In the study of a simple algebraic group (say over $\mathbb{C}$) and related geometry of its flag variety associated with the Springer correspondence, one encounters pairs of surfaces which have some crucial data in common. It would be interesting to know that they are actually isomorphic, but the data typically come indirectly from a study of the algebraic group structure along with the behavior of Weyl group representations in Springer's theory. This looks much the same over any algebraically closed field of good characteristic $p \geq 0$. The surfaces themselves are Springer fibers attached to nilpotent elements (or orbits) in the Lie algebra and live in the cotangent bundle of the flag variety $\mathcal{B}$ (realized as $G/B$ when a Borel subgroup $B$ is fixed).

So far the geometric structure of Springer fibers is poorly understood in most cases, but the general theory reveals their dimensions (inversely proportional to dimensions of nilpotent orbits) as well as the equidimensionality of their irreducible components. In the first nontrivial case, the fiber has dimension 1 (a Dynkin curve) corresponding to the subregular nilpotent orbit and has components determined by the Dynkin diagram. Here the variety is a union of intersecting projective lines and is the same for Lie types $G_2, C_3, D_4$ even though in each case the centralizer of an associated nilpotent element in $G$ modulo its identity component will vary: $S_3, S_2, S_1 = 1$.

The structure of Springer fibers is already difficult to study in rank 2 (or higher), with some partial results for simply-connected Lie types. But in the cases just mentioned (and presumably others), there are 2-dimensional components for adjacent nilpotent orbits having some known data that agree. For example, the pair $G_2, C_3$ both lead to surfaces with two irreducible components and with total cohomology dimension 6. (Here the cohomology can be classical or etale.)

Are there algebraic geometry criteria which can ensure isomorphism of such surfaces based on limited data?

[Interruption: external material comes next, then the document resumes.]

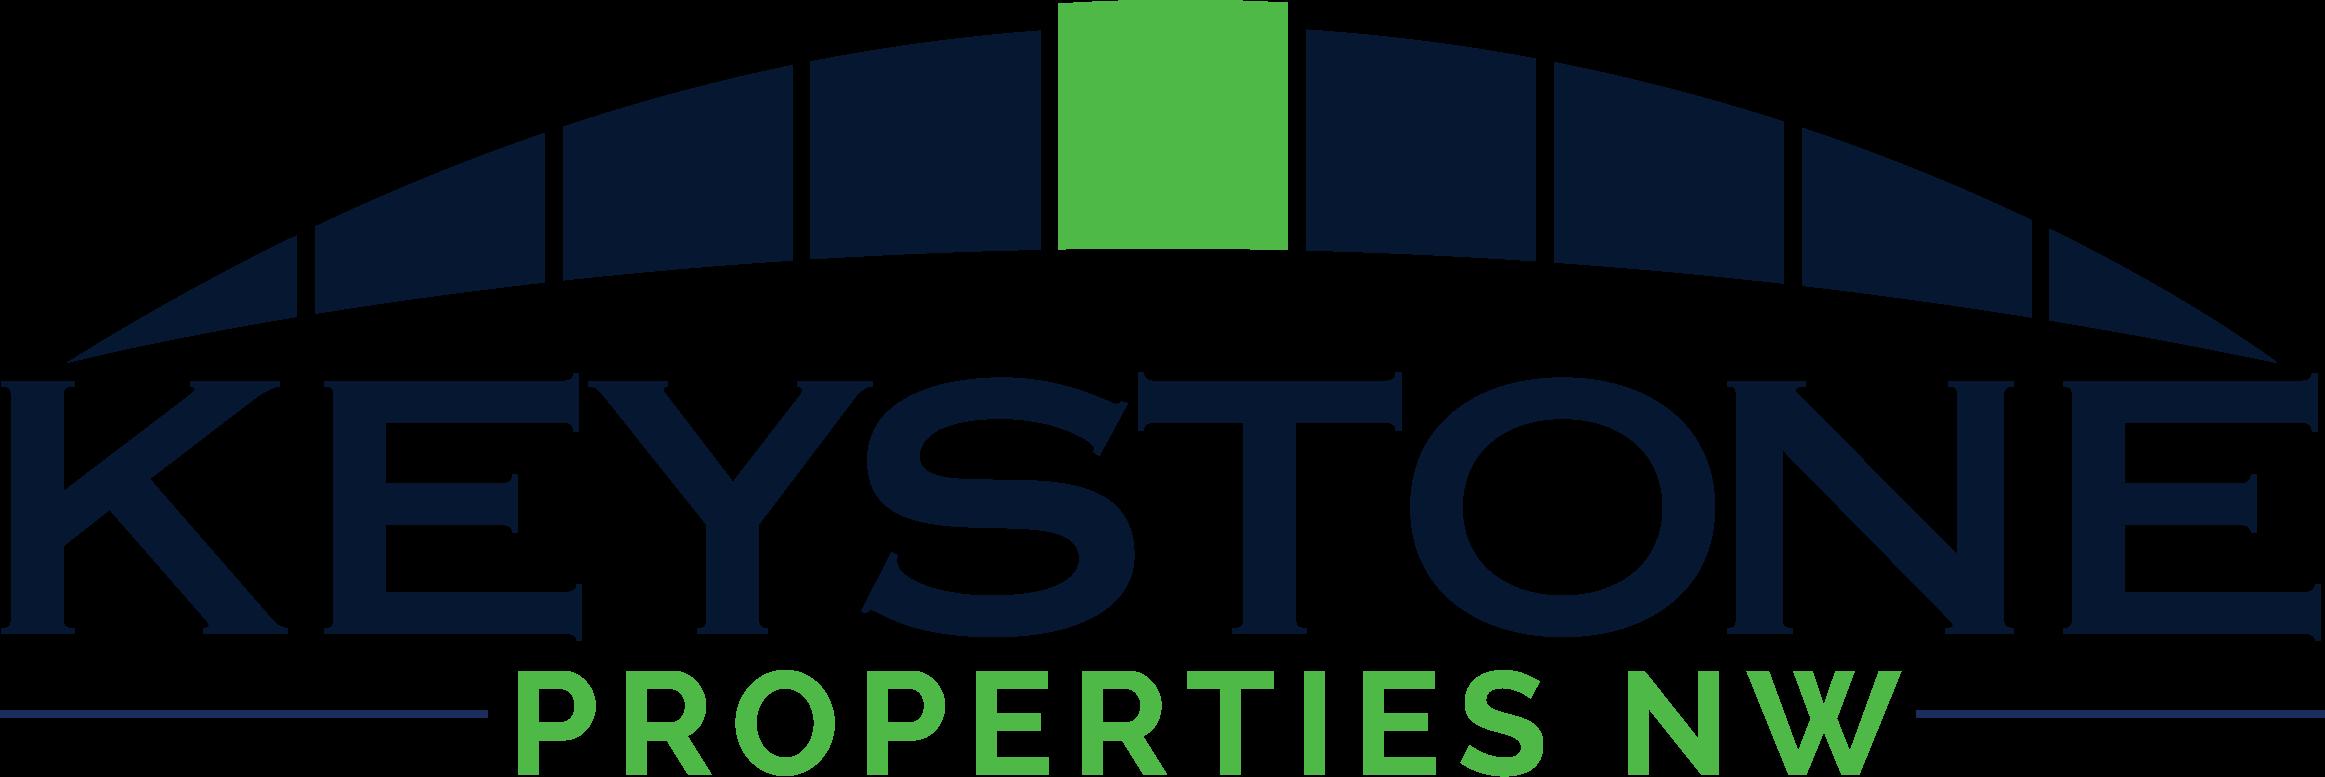 Keystone Properties NW

The interest of all this becomes apparent when working in characteristic $p$ (say larger than the Coxeter number), where the number of simple modules in a "regular" block of the reduced enveloping algebra for the Lie algebra corresponding to a given nilpotent element turns out to be equal to the total dimension of the cohomology of the associated Springer fiber (Bezrukavnikov-Mirkovic-Rumynin). Empirical study of special cases suggests strongly that such modules "deform" from a nilpotent orbit to an orbit in its closure in a way dependent only on the cohomology or K-theory of the fiber. In particular, this seems to be true for the indicated pair when passing from the subregular orbit to one of dimension one less. (Similarly for the pair $C_3, D_4$, where for the 2-dimensional Springer fibers there are three components and total cohomology dimension 8.)